FIG 4.

Phosphoantigens are released during iRBC rupture. (A) Synchronized parasites from 3 independent cultures (A, B, and C) at 1% parasitemia were cultured in CPM for 62 h, and iRBC supernatants were collected at the indicated time points (hours postinvasion [hpi]) across the parasite developmental cycle (time zero corresponds to parasitic invasion). The phosphoantigen bioactivity in the various iRBC-SNs was assessed on two independent γδT-cell lines (232 and 233) using CD107a surface expression. HRP2 concentration in the iRBC-SNs was determined by ELISA. Data show the means ± SD from CD107a expression induced by the three independent culture SNs (A, B, and C) and their means ± SD for HRP2 content at each time point. (B) Synchronized iRBC cultures (1% parasitemia) were treated with compound 2 (C2) or a control (DMSO) at the time indicated by the arrow, and supernatants were collected at different time points of treatment.

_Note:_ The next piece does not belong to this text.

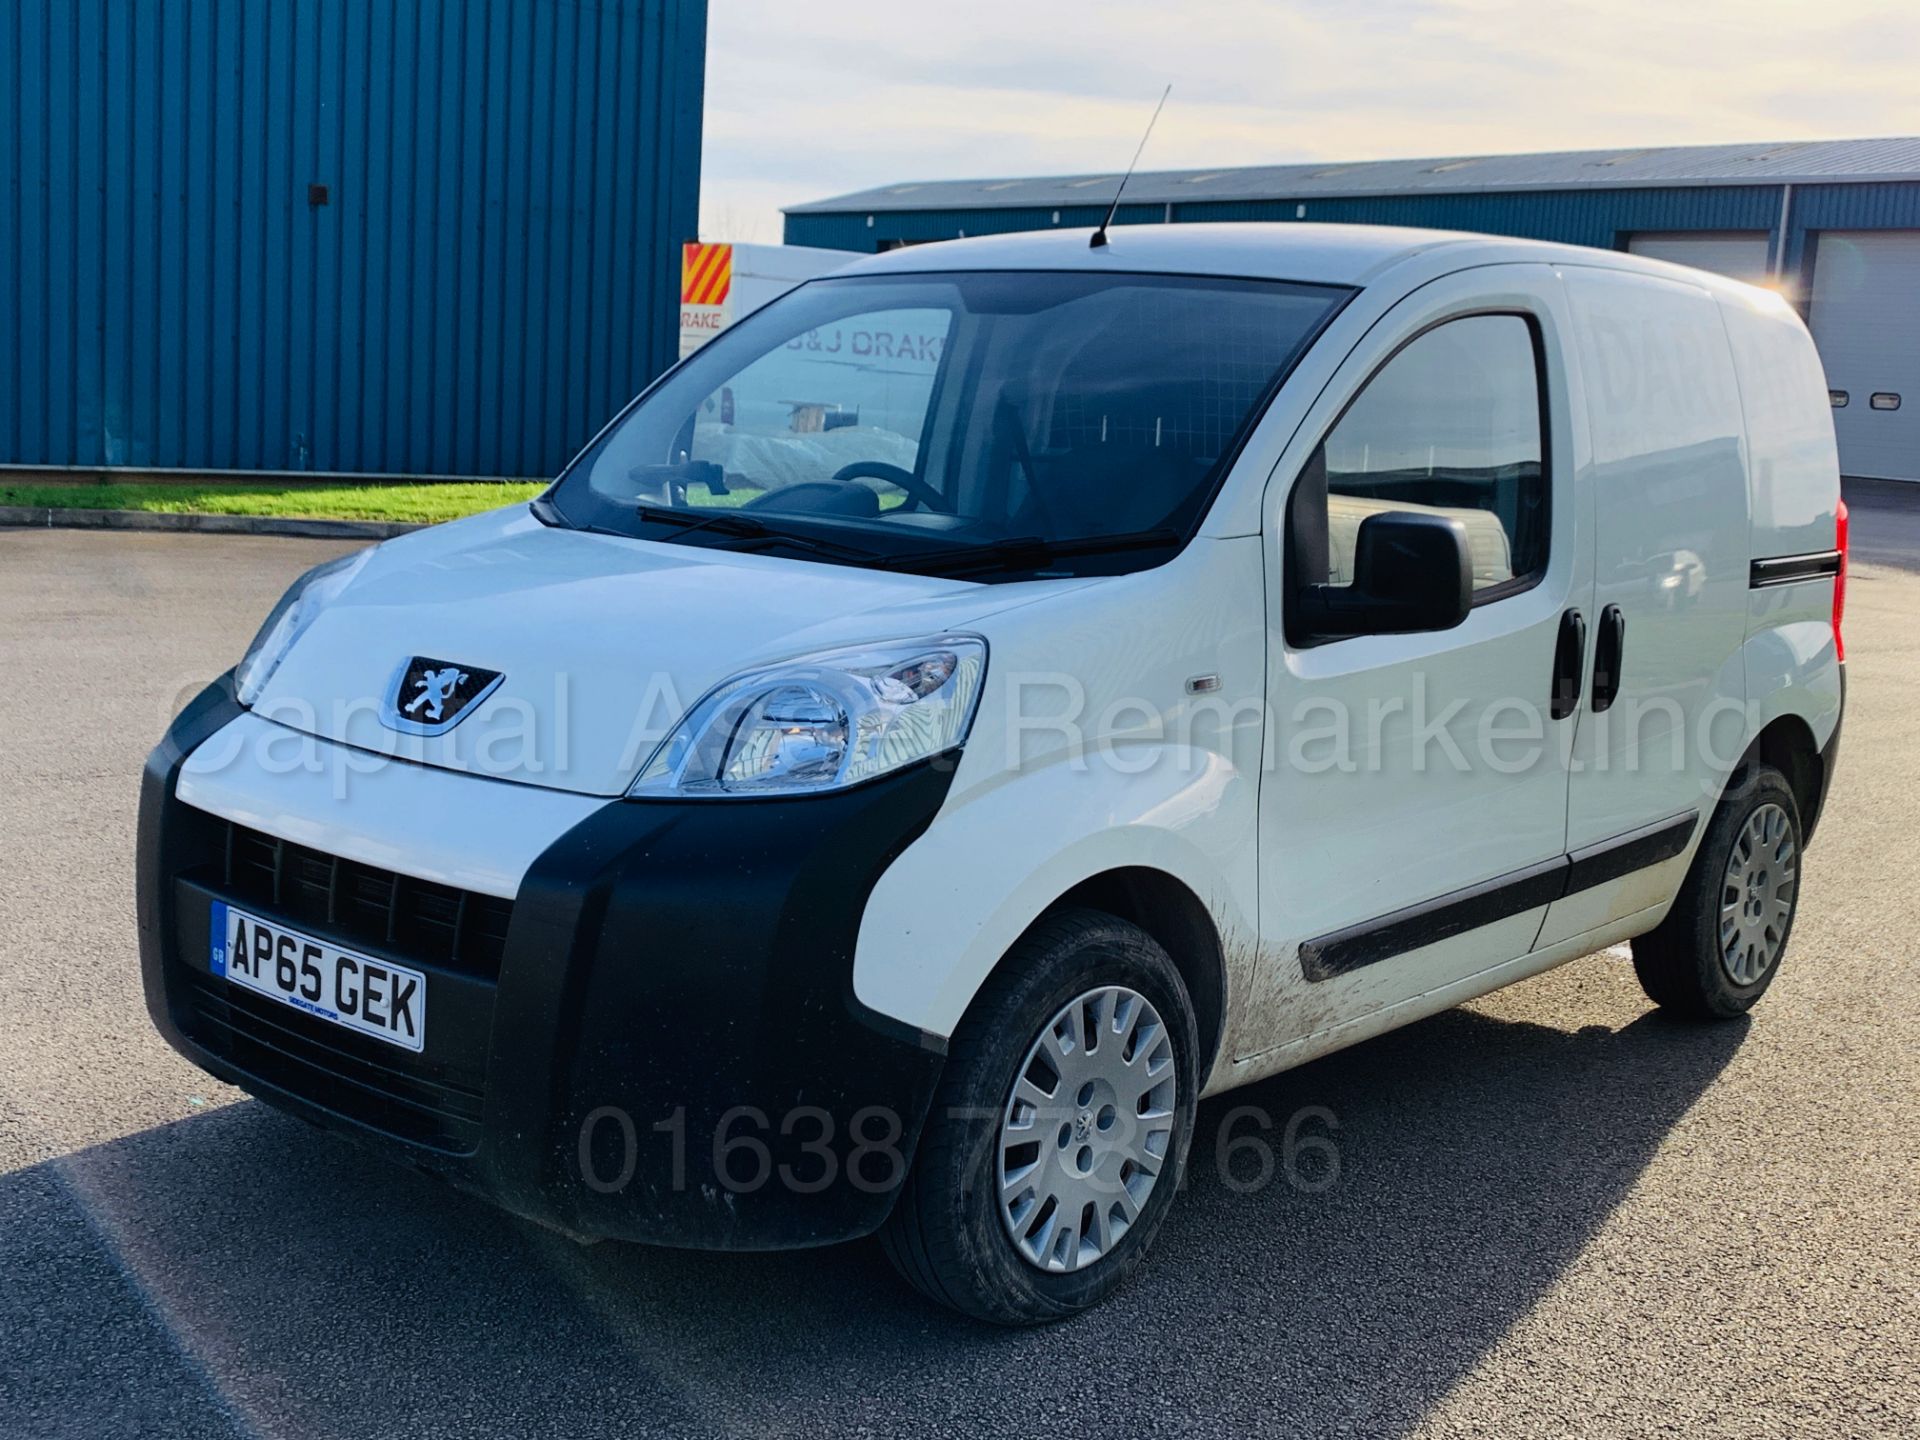 (On Sale) PEUGEOT BIPPER *PROFESSIONAL* LCV - PANEL VAN (65 REG) 'HDI - 5 SPEED' (1 OWNER) *AIR CON* - Image 4 of 36

Two independent C2 treatment experiments are shown on 44-hpi schizonts (top) and 42-hpi schizonts (bottom). HRP2 content was measured by ELISA (left), and phosphoantigen concentrations were assessed by CD107a test (right) on 3 γδT-cell lines. Results for representative γδT-cell line 384 are shown. (C) Parasite cultures used for panel B were washed after 6 h of treatment with compound (C2), fresh medium was added, and supernatants were collected at the indicated times postwash and tested for both their HRP2 content (left) and their ability to induce Vγ9Vδ2 T-cell degranulation (right). Shown are results from one γδT-cell line (the same as that shown in panel B) out of three.